• Directions for this task:
Restate all of the data below word for word.
┌─ Supplied entries
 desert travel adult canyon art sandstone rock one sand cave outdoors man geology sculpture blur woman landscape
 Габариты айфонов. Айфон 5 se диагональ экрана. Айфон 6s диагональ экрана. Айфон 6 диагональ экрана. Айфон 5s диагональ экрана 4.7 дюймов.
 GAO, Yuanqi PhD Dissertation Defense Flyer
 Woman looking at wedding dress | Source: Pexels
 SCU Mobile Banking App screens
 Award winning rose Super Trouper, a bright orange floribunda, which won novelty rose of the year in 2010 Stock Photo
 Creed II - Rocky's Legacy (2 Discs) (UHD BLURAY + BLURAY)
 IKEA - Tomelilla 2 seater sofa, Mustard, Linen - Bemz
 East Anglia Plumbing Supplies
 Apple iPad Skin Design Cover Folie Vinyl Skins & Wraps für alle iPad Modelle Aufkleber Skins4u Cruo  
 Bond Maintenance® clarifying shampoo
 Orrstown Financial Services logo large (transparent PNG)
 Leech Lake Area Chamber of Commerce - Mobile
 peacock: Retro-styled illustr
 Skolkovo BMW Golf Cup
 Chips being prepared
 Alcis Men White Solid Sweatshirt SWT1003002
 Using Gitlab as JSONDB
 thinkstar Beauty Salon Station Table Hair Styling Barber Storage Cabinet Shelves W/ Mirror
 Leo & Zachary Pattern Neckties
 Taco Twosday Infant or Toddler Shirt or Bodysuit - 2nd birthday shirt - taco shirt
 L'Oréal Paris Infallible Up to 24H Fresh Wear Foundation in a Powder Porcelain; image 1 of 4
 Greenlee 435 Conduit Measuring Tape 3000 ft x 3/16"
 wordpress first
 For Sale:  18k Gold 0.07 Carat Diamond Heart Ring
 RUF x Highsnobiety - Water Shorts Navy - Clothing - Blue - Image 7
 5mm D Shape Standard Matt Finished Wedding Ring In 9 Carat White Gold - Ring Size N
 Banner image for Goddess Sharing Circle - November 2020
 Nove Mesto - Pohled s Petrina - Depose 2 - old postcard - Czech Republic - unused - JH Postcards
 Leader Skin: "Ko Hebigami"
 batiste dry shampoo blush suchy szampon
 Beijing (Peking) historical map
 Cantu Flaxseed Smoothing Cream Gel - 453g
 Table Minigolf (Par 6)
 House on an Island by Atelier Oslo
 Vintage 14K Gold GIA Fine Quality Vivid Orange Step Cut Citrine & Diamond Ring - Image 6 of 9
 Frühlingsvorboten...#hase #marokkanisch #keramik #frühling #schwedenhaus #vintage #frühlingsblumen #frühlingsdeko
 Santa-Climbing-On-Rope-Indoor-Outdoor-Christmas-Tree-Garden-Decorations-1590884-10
└─
• Response to this exercise:
 desert travel adult canyon art sandstone rock one sand cave outdoors man geology sculpture blur woman landscape
 Габариты айфонов. Айфон 5 se диагональ экрана. Айфон 6s диагональ экрана. Айфон 6 диагональ экрана. Айфон 5s диагональ экрана 4.7 дюймов.
 GAO, Yuanqi PhD Dissertation Defense Flyer
 Woman looking at wedding dress | Source: Pexels
 SCU Mobile Banking App screens
 Award winning rose Super Trouper, a bright orange floribunda, which won novelty rose of the year in 2010 Stock Photo
 Creed II - Rocky's Legacy (2 Discs) (UHD BLURAY + BLURAY)
 IKEA - Tomelilla 2 seater sofa, Mustard, Linen - Bemz
 East Anglia Plumbing Supplies
 Apple iPad Skin Design Cover Folie Vinyl Skins & Wraps für alle iPad Modelle Aufkleber Skins4u Cruo  
 Bond Maintenance® clarifying shampoo
 Orrstown Financial Services logo large (transparent PNG)
 Leech Lake Area Chamber of Commerce - Mobile
 peacock: Retro-styled illustr
 Skolkovo BMW Golf Cup
 Chips being prepared
 Alcis Men White Solid Sweatshirt SWT1003002
 Using Gitlab as JSONDB
 thinkstar Beauty Salon Station Table Hair Styling Barber Storage Cabinet Shelves W/ Mirror
 Leo & Zachary Pattern Neckties
 Taco Twosday Infant or Toddler Shirt or Bodysuit - 2nd birthday shirt - taco shirt
 L'Oréal Paris Infallible Up to 24H Fresh Wear Foundation in a Powder Porcelain; image 1 of 4
 Greenlee 435 Conduit Measuring Tape 3000 ft x 3/16"
 wordpress first
 For Sale:  18k Gold 0.07 Carat Diamond Heart Ring
 RUF x Highsnobiety - Water Shorts Navy - Clothing - Blue - Image 7
 5mm D Shape Standard Matt Finished Wedding Ring In 9 Carat White Gold - Ring Size N
 Banner image for Goddess Sharing Circle - November 2020
 Nove Mesto - Pohled s Petrina - Depose 2 - old postcard - Czech Republic - unused - JH Postcards
 Leader Skin: "Ko Hebigami"
 batiste dry shampoo blush suchy szampon
 Beijing (Peking) historical map
 Cantu Flaxseed Smoothing Cream Gel - 453g
 Table Minigolf (Par 6)
 House on an Island by Atelier Oslo
 Vintage 14K Gold GIA Fine Quality Vivid Orange Step Cut Citrine & Diamond Ring - Image 6 of 9
 Frühlingsvorboten...#hase #marokkanisch #keramik #frühling #schwedenhaus #vintage #frühlingsblumen #frühlingsdeko
 Santa-Climbing-On-Rope-Indoor-Outdoor-Christmas-Tree-Garden-Decorations-1590884-10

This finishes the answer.